使用sktime内置函数加载acsf1数据集。 Docs(链接到外部网站。)
7分绘制每个类的第一个时间序列(.iloc [0]),并用其指定的类名标记每个图。这些模式应与在acsf1详细网页上可以找到的模式匹配。
This assignment will cover concepts of Time Series Classification
Students must submit TWO documents 1) .ipynb file 2) either .pdf or .html file created from the notebook.
Label each question and sub question with a markdown cell. Answer conceptual questions in a markdown cell. Answers that are commented in code blocks will not be considered for credit.
One word or one sentence answers will not receive full credit.
Load the acsf1 dataset using sktime built in functions. Docs (链接到外部网站。)
Create X_train, y_train and X_test, y_test
Part 1: 35 pts Understanding the dataset
Locate the dataset description within the full UCR data repository. Link (链接到外部网站。)
7pts Give a verbal description of the dataset from information on the acsf1 detailed webpage, not the summary repository page.
7pts There are 1460 time steps in each observation. Use len() to display this for any observation in the X_train
7pts Return the counts of classes in y_train
7pts Plot the first time series for each class(.iloc[0]), label each plot with its specified class name. The patterns should match what can be found on the acsf1 detailed webpage.
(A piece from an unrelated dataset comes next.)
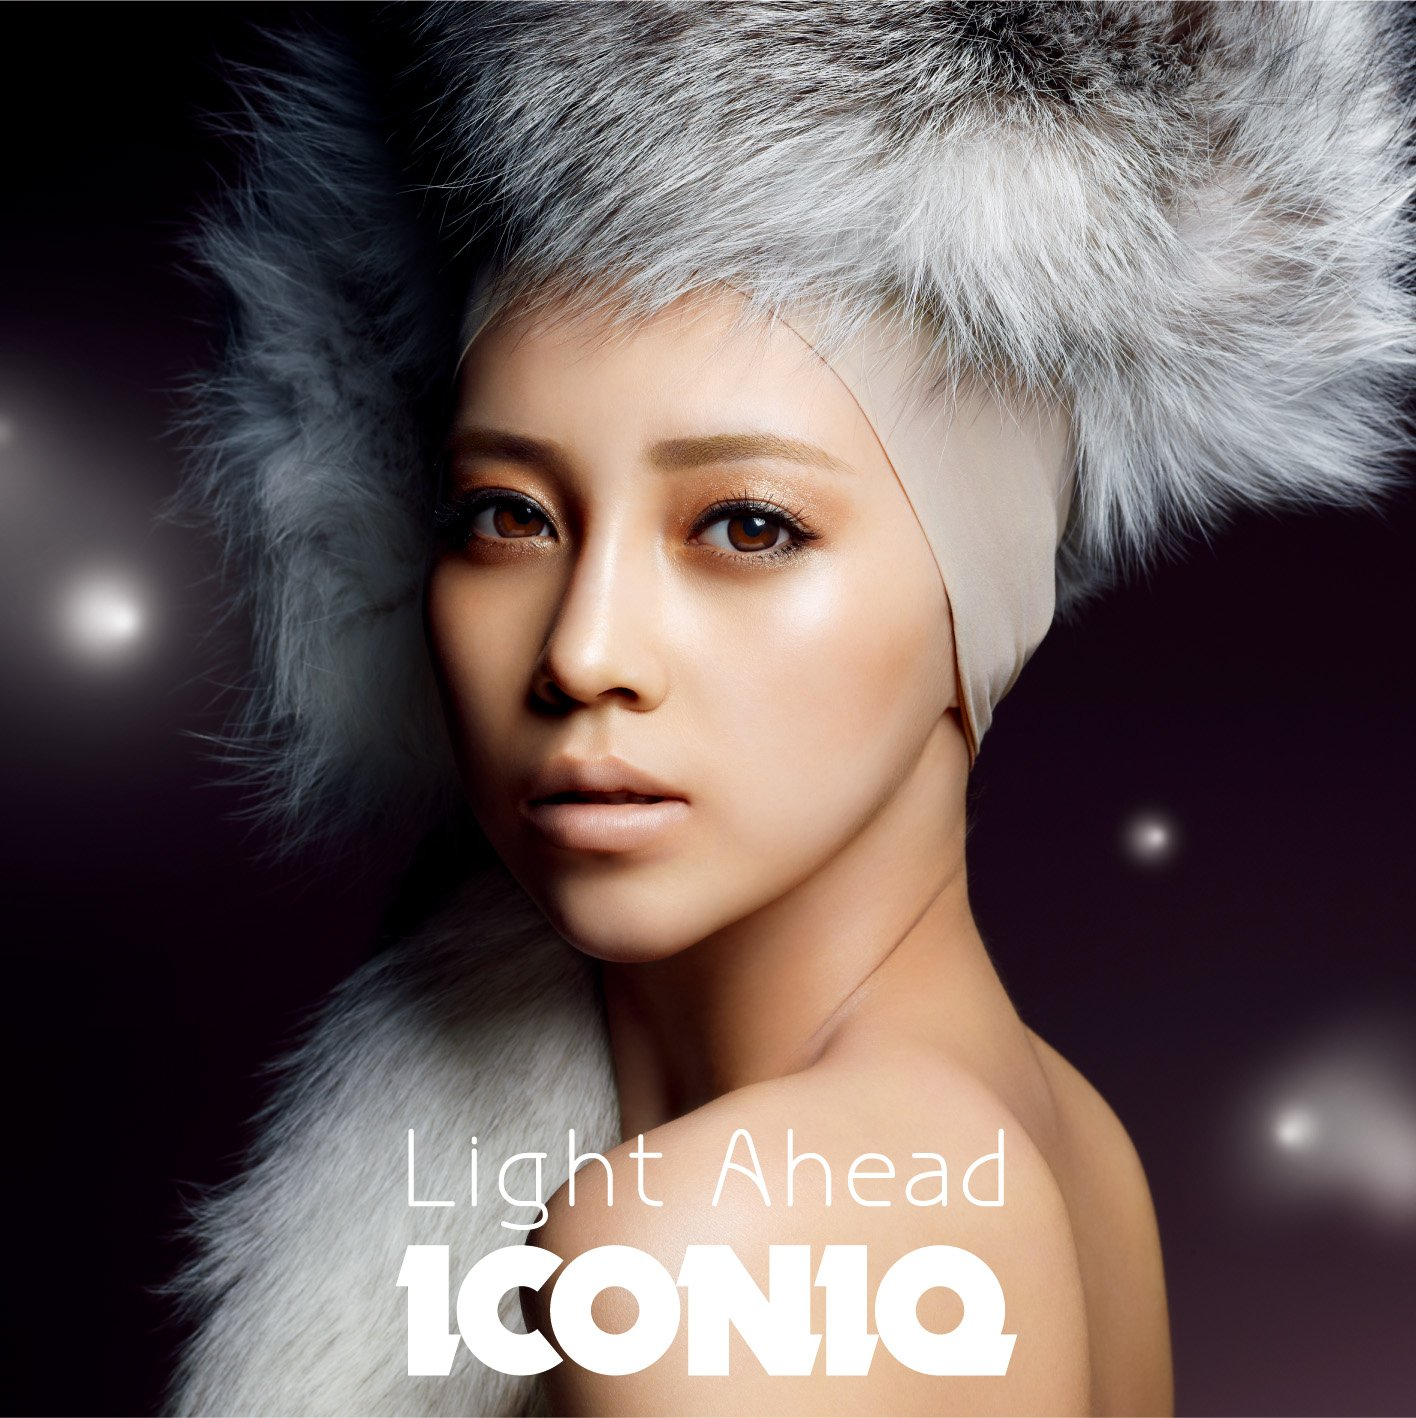 20180301.2201.06 ICONIQ - Light Ahead (FLAC) cover 1.jpg

7pts Each observation is 10 seconds apart. Describe what the plots show for classes 3, 8 and 9. Give some intuition about what appliance each of these three classes might represent.
Part 2: 15 pts Description of Time Series Classification models
5 pts Select one classification model type. Describe how the model works. Why would each be a good or bad fit for this type of data?
5 pts Select a second classification model type. Describe how the model works. Why would each be a good or bad fit for this type of data?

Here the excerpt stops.